THe goal is to break even at 0 at the end of the game.
SO if on your first drive, you get the ball at the 20, and face third down prior to getting to the 30, 4 points. Imagine then that we convert on third down. THe 4 points stays. Thereafter, we have a 3rd down on the 40, so we are charged 3 points. If we convert that third down, but do not make it past the 50 before the next third down, 2.5 points. SO 9.5 total, even assuming we convert that third third down. Two more third downs inside the 50 would give us 1 point more, so a total of 10.5. If we score a touchdown, we offset it with our penalty points, if we don't score a touchdown, we reduce the penalty points by the number of converted third downs on the drive. So on this drive if we didn't score we would have 5.5 penalty points. If the next drive saw no third downs prior to the midway point and there were no turnovers and we scored then we would be at -1.5.

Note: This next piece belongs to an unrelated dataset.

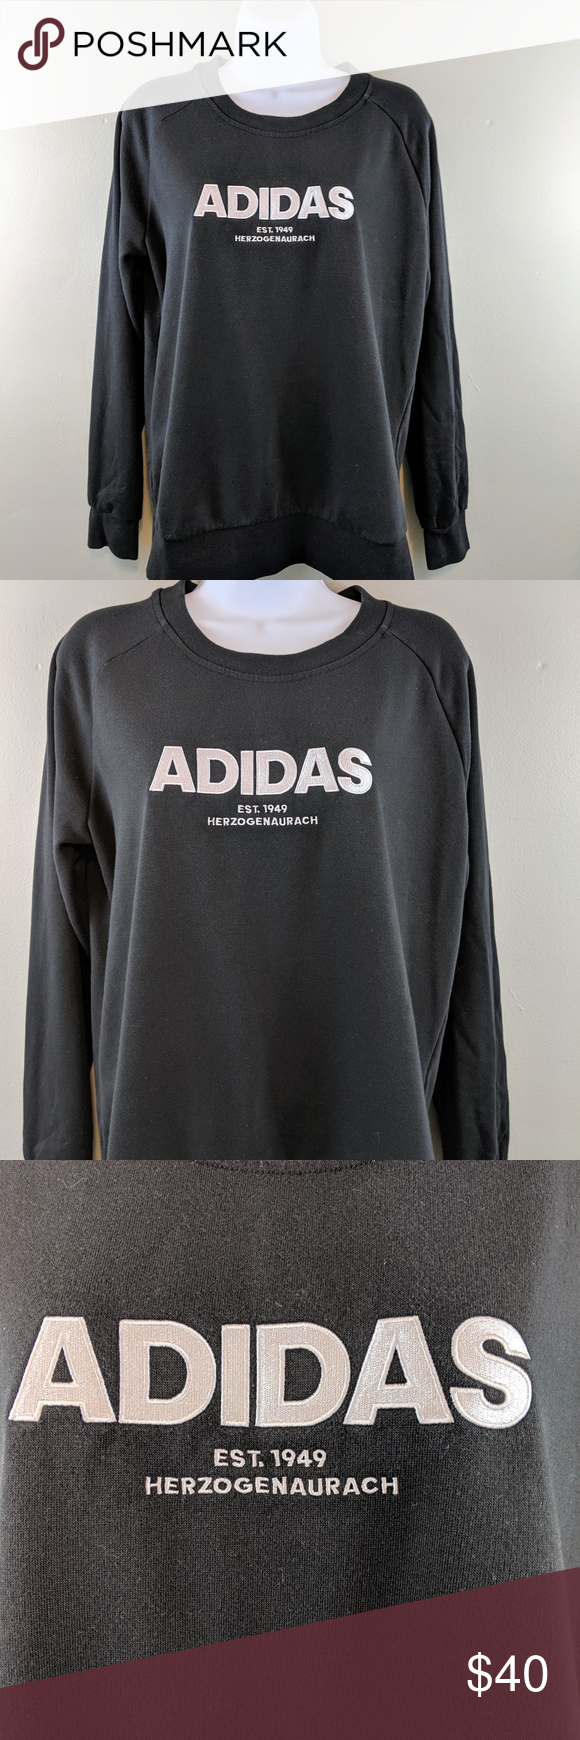 "Black Adidas Crewneck Sweater ""ADIDAS EST. 1949"

Ultimately then at the end of the game we would want to be at or close to a penalty point number that was at least 7 less than our actual point total.
I think this way now because this, in my opinion, is how you approach the game when you have a team that mostly loses because they beat themselves. I would simply focus on execution and what we're doing on offense, without regard to what the other team is going to bring. When this offense comes of age next year, they are going to go undefeated. We got Lewan and Schofield, Molk back, and all sorts of team speed.